Traditionally, medical device manufacturers are required to submit a new premarket notification (510(k)) or premarket approval (PMA) application to the FDA whenever they make significant changes to a device’s design, performance, or intended use. However, AI/ML-enabled devices are designed to evolve over time, making it impractical to submit a new application for every software update or algorithm modification.
To address this challenge, the FDA has introduced the concept of **Predetermined Change Control Plans (PCCPs)**, which allow manufacturers to outline in advance the types of changes they intend to make to their AI/ML-enabled devices and the methods they will use to ensure the safety and effectiveness of the device after those changes are implemented.
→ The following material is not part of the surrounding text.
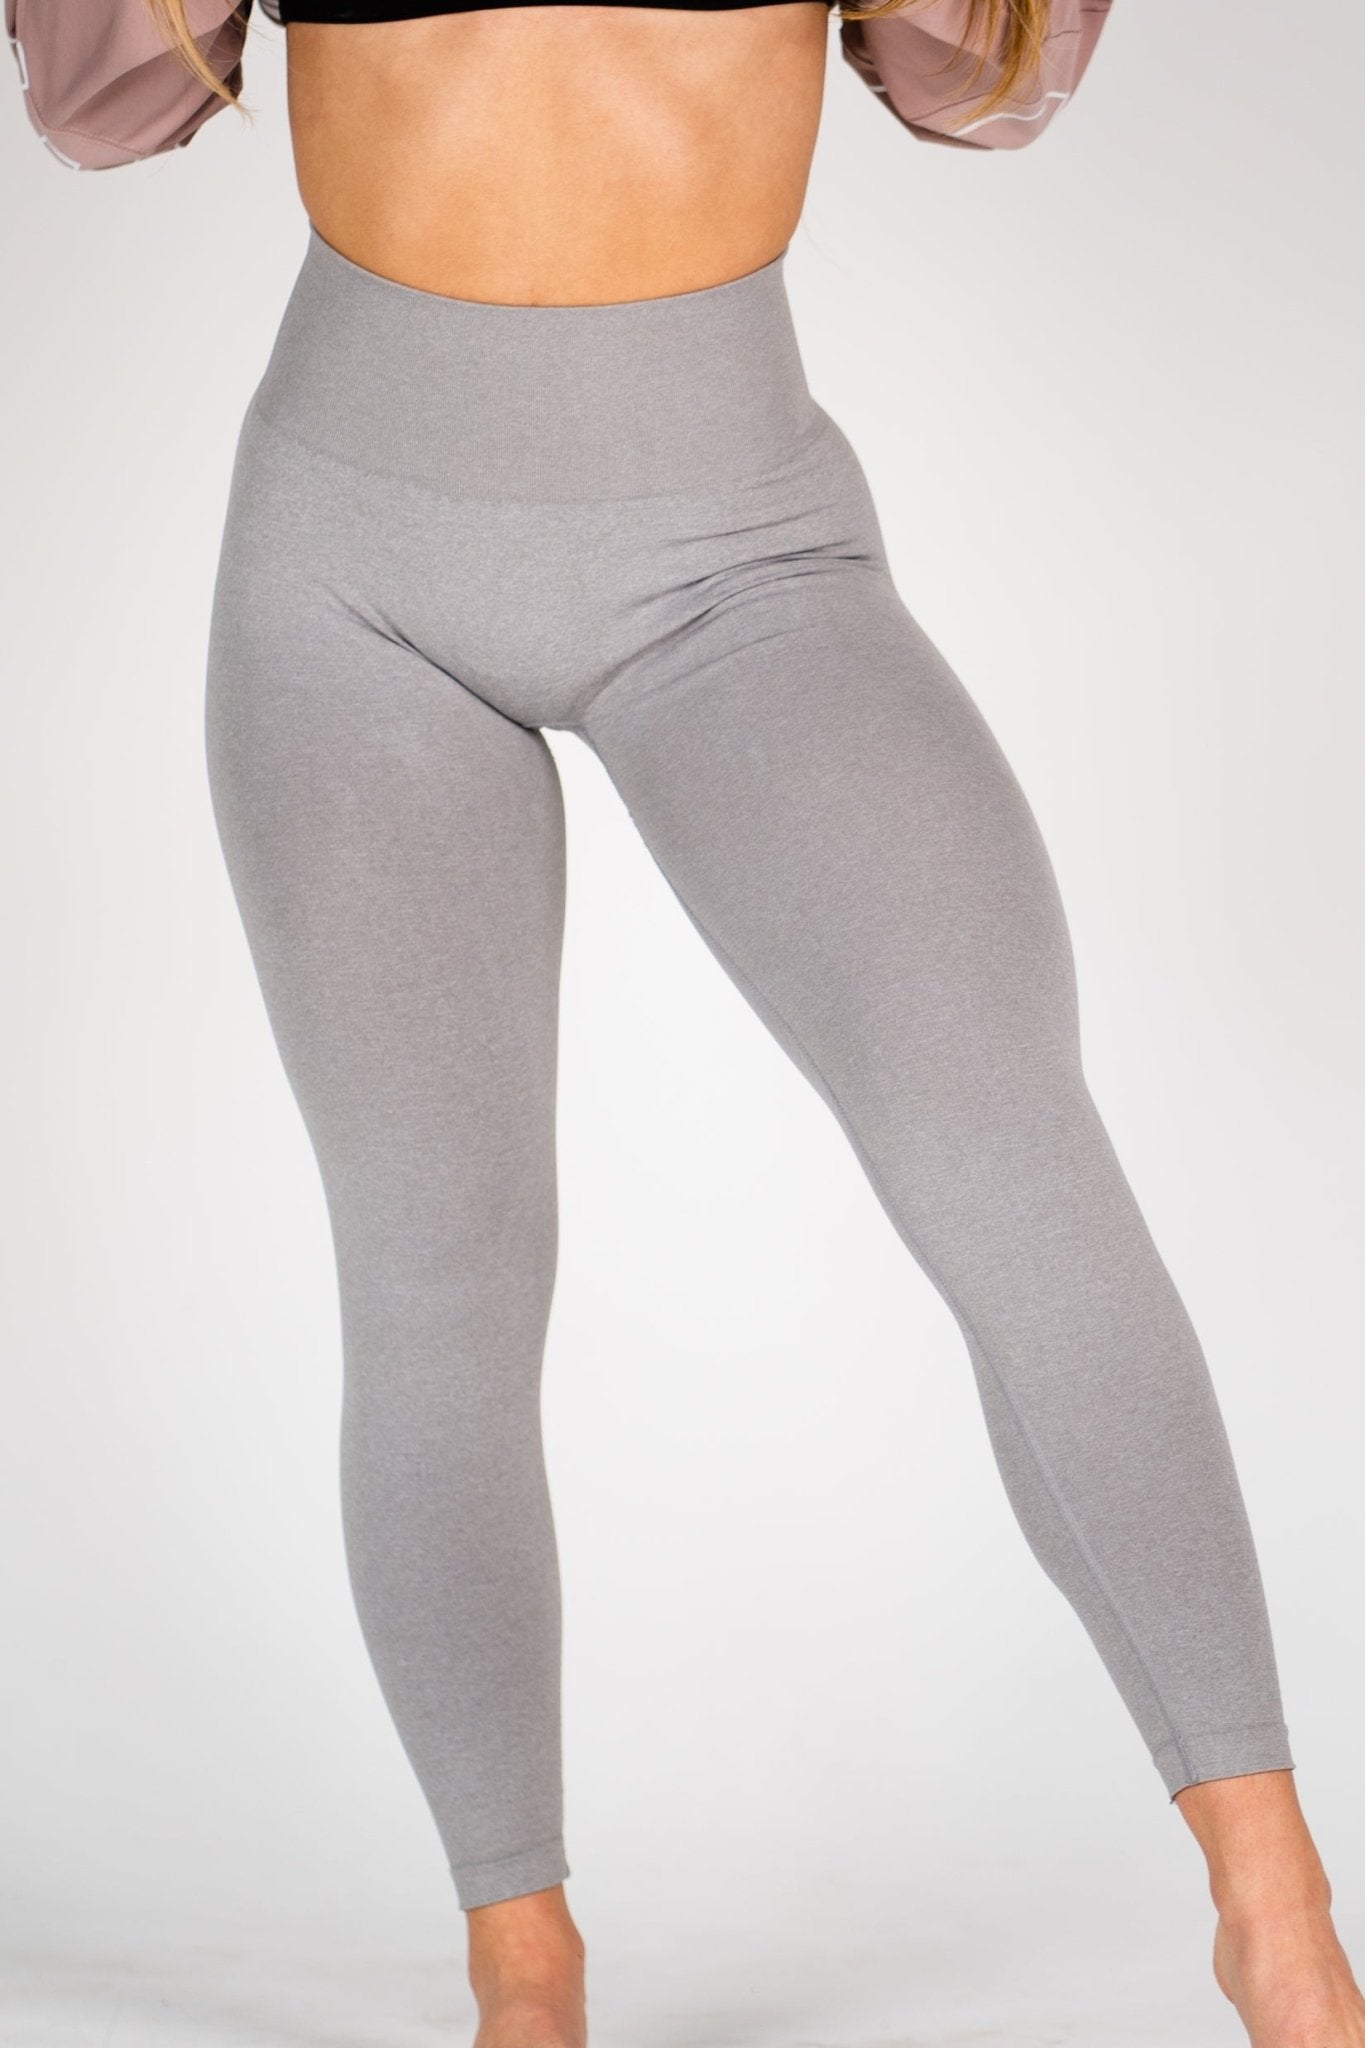 Legging glam light grey  glam legging - light grey - anahata fitwear

## Key Elements of the Draft Guidance
The FDA’s draft guidance on PCCPs provides a framework for manufacturers to propose and implement changes to AI/ML-enabled device software functions in a controlled and transparent manner. The guidance outlines several key elements that manufacturers should include in their PCCPs:
### 1. **Description of the Changes**
Manufacturers must provide a detailed description of the types of changes they anticipate making to the AI/ML-enabled device software. These changes may include updates to the algorithm, modifications to the training data, or adjustments to the device’s performance parameters. The description should also specify whether the changes are intended to improve the device’s accuracy, expand its intended use, or address emerging safety concerns.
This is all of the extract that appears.